Only Sadiq Khan would privilege prisoners over the homeless
Sadiq Khan has chosen to wade into the debate over our wrecked criminal justice system. He’s been quiet on the subject since the conclusion of a “successful” Notting Hill Carnival last month that only resulted in the killings of two people, so it’s just in time.
This week’s mass early release of prisoners is an ideal pretext for some common sense on strategies to stop them returning there and London’s Mayor, a former criminal defence lawyer had a big idea – prison leavers should jump the housing queue, because this would stop them reoffending.
It’s a risky punt for the person overseeing the capital’s grotesque housing shortage. Around 175,000 Londoners are currently languishing in temporary accommodation in the city because there’s nowhere else for them to go. They include families with children, the elderly and people with disabilities stuffed into unsuitable and sometimes unsafe bedsits or hotels – a situation costing Westminister council £8,000 per household every month. Council staff will no doubt feel bemused at the prospect that those who harm others will have their needs elevated over genuinely vulnerable groups.

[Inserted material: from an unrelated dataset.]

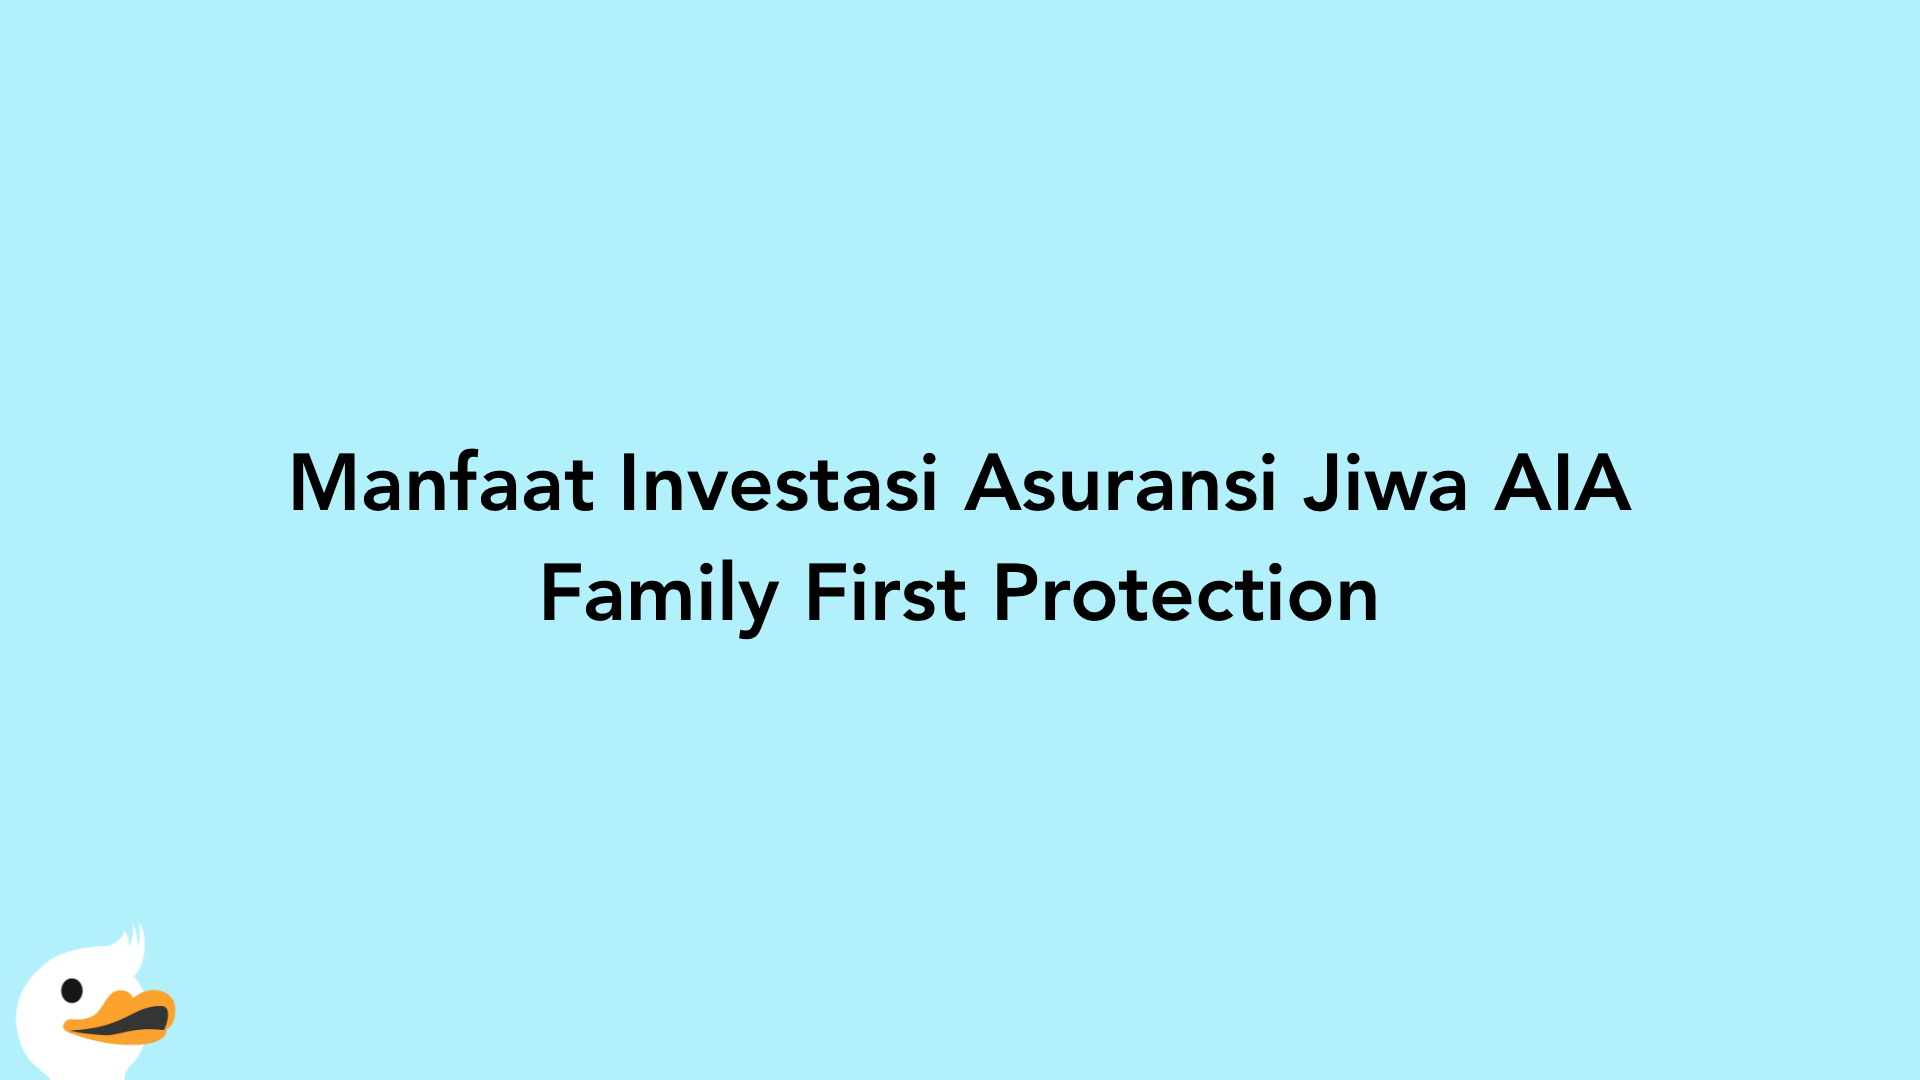 Manfaat Investasi Asuransi Jiwa AIA Family First Protection

Khan is unfortunately right on the basics. Releasing prisoners to homelessness is one of the key drivers of reoffending. Exit from prison is the high point of vulnerability for recurrent criminality, though you’d be forgiven no sympathy after seeing inmates released early cavorting around outside HMP Wandsworth and Nottingham yesterday with bottles of bubbly.
Not content with housing people in jail conditions you’d hesitate to put livestock in, a national service stripped of any capacity to reform short term prisoners also marinates them in drugs and violence before propelling them out the door with no fixed abode – to community supervision that is already on its knees. Such prisoners, leaving jails with a tent and a sleeping bag if they are lucky, have reoffending rates running at close to twice that of those leaving to stable accommodation.
There is an acute lack of specialist probation hostel accommodation for the most risky offenders in London too, and as a recent BBC Panorama investigation found, not all of this is protecting the public adequately. There is undeniably a public safety concern in letting such people wander through London essentially unsupervised.
Reoffending means more victims. There are, we now know, offenders who have a background of domestic or sexual violence among the released because their index offence at the time emergency release came in was not connected crimes that would otherwise have excluded them. Plenty of people who have committed serious violence get prison sentences of less than four years.
Still, the ethical case for making such people wait at the back of the housing queue for others who play by the rules is very strong. The dehumanising experience of living in damp, mouldy multi-occupancy temporary accommodation often shared with children whose mental and physical health is suffering has been well documented. Why should innocent people be made to wait longer for what most of us take for granted – somewhere safe to live?
The Mayor’s true failings come from allowing this miserable housing war to form in the first place. Repeated targets on social housing for London have been set and then breached, with accusations of blatant sophistry featuring in the last election. Khan’s principal opponent Susan Hall accused him of conflating ground cleared for building with actually built homes to boast about “smashing” government targets: “You can’t live in holes in the ground”.
Protecting the public is the first duty of Government. The state must ensure that the prison and probation service are fundamentally reformed and properly resourced to keep citizens safe. For his part, the Mayor of London might be well advised to focus on actually starting to build houses to stop this morally dubious trade-off between criminals and homeless families.